RESimon and shestoolazytologin - I adore you both. Thank you for everything you've put into this fic.


CHAPTER THIRTY-SEVEN

Sunlight filtered in through the open tent flaps as a cool breeze drifted through the tent. Ron shivered as the breeze picked up for a moment and brushed over his exposed skin.

"Would you like me to close it again?" Hermione asked, her hand pausing where she was rubbing salve into the wound on his abdomen.

"No," he said. "It feels good."

Hermione looked up at where Draco had paused his analysis of Ron's vitals above them. Draco gave her a short shrug and resumed, his eyes moving rapidly over the pulsing lines and numbers suspended in the air before him. Harry stood at the end of Ron's cot, frowning slightly.

"I really am fine, mate," Ron said, his voice lilting as if he were trying to inflect it with a joking ease that instead fell flat. "Are you?"

At that, Harry and Draco exchanged a stormy look.
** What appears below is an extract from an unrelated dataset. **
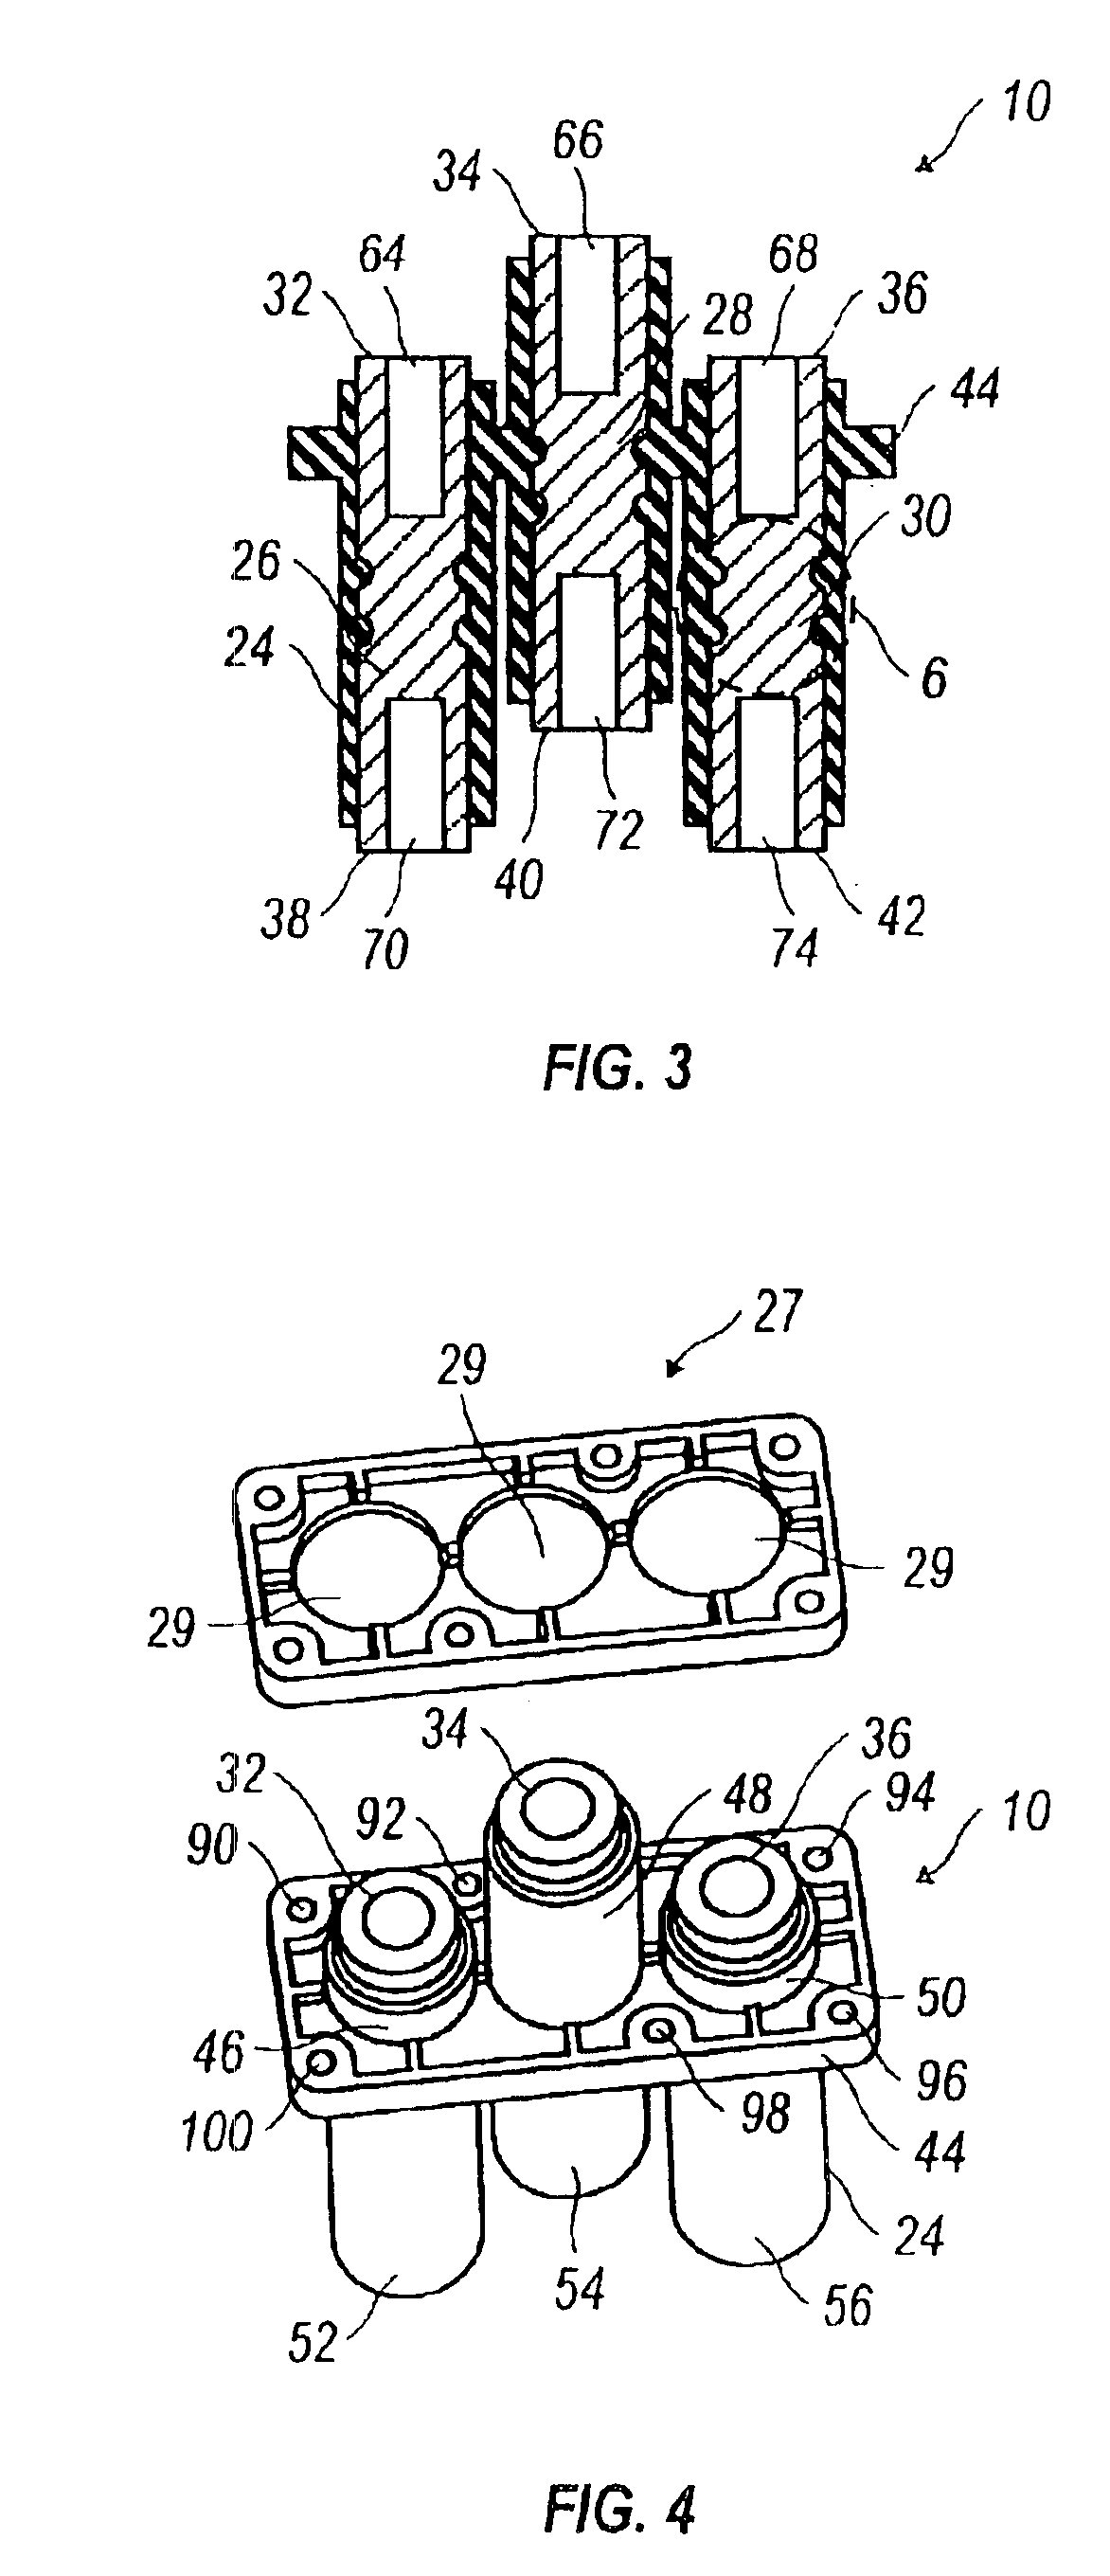 Three-phase connector for electric vehicle drivetrain

Harry worried a hand through his messy hair, sighing. "Last night, I — well…" He reached out a hand, looking deeper into the tent. "Accio sword!" A gleaming sword encrusted with jewels flew into his grip half a moment later.

Hermione's eyes widened. "The Sword of Gryffindor? Is that what it showed you last night?" She paused for a moment as she took in the sword's beauty, yearning to reach out and touch its glittering hilt. She furrowed her brow as she remembered the tension between Harry and Draco as they'd returned to the tent the night before not long after Ron had fallen asleep, tension simmering between them. "Then why were you wet —"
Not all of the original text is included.